ABSTRACT

This PhD dissertation is based on the works carried out in the Orthopedic Research Laboratory and the Clinical Institute of Aarhus University. The aim of the study was to investigate the influence of the intervertebral disc tissue on osteoblast metabolism in vitro and its effect on autograft healing in vivo.

In the in vitro study, the exposure of human nucleus pulposus (NP) and annulus fibrosus (AF) to osteoblast-like cells (SaOS-2) cells resulted in an increase of 3 H-thymidine incorporation and collagen type I production, while alkaline phosphotase production could only be stimulated by addition of NP. The profile of the cytokines released by the intervertebral discs was screened in the conditioned media from cultured human intervertebral discs. High levels of Eotaxin, IP-10 Rantes IL-6 and IL-8 were found in the conditioned media. Seven other cytokines were found to be present in low but detectable levels. When the conditioned media from the discs were applied to human bone marrow stem cells, cellular proliferation was significantly increased but alkaline phosphotase activity remained unchanged. The cellular proliferation was in negative correlation with the IL-6 levels.
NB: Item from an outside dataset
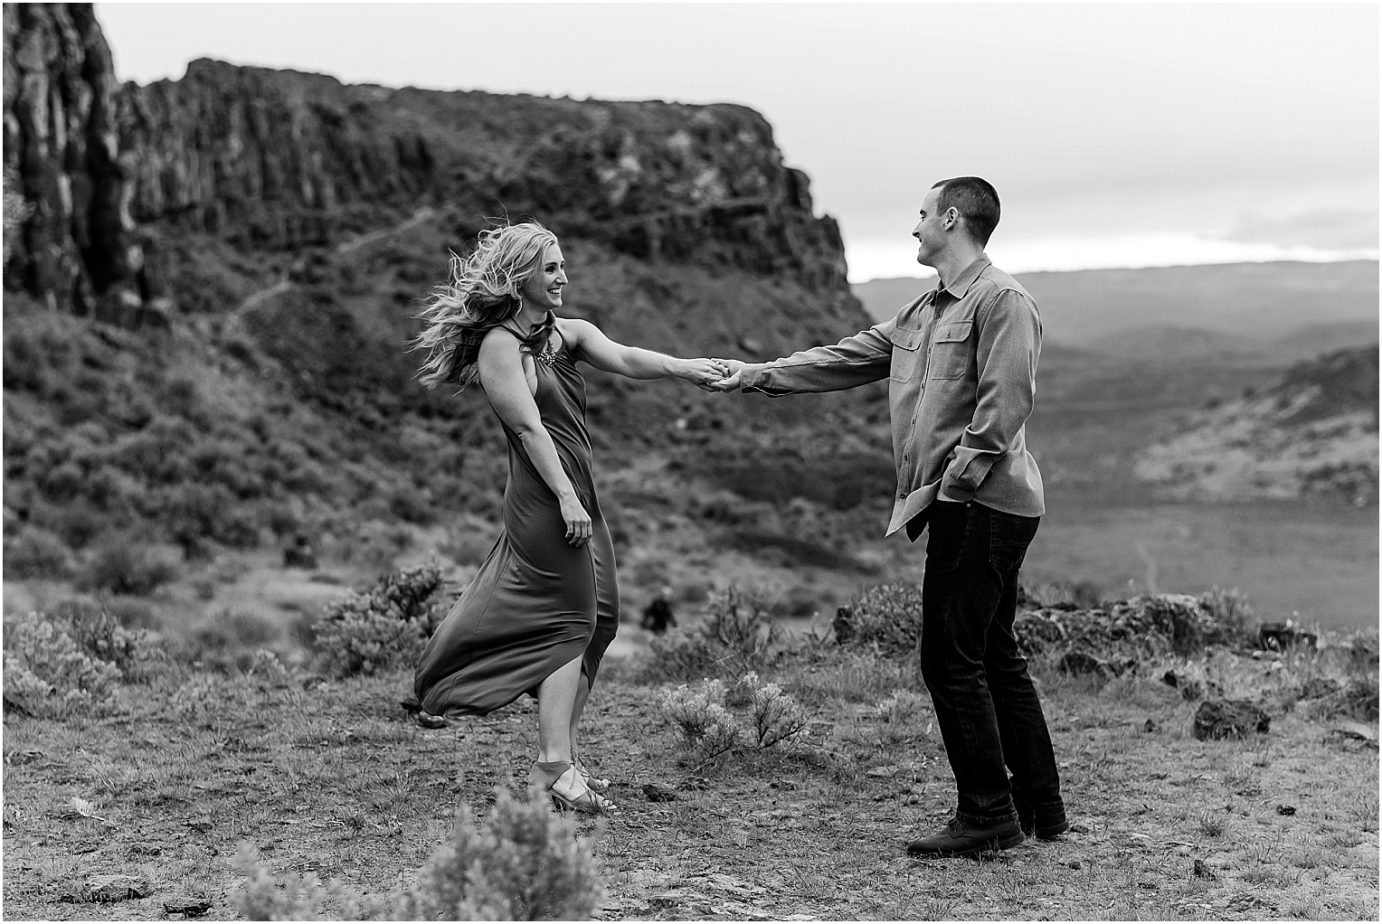 Frenchman Coulee Engagement Session Vantage Photographer Doug and Sarah

In the animal experiment, 2-level (L3/4, L5/6) anterior spinal interbody fusion with carbon fiber cages was performed on each of 10 pigs. NP was mixed into the autograft and then packed into one of the carbon fiber cages. Cages packed only with autograft served as control. The pigs were followed for 12 weeks. The results showed that when autograft was mixed with NP, bone formation inside the cage could be decreased or delayed, which could thus influence final fusion rate in the pig model.

The present studies support the concept of the total removal of intervertebral disc tissue, especially nucleus pulposus, during intercorporal spinal fusion surgery. Otherwise, fusion is likely to be impaired. Cytokines in relation to specific disc diseases and their possible link to the clinical outcomes can be worth of further investigation.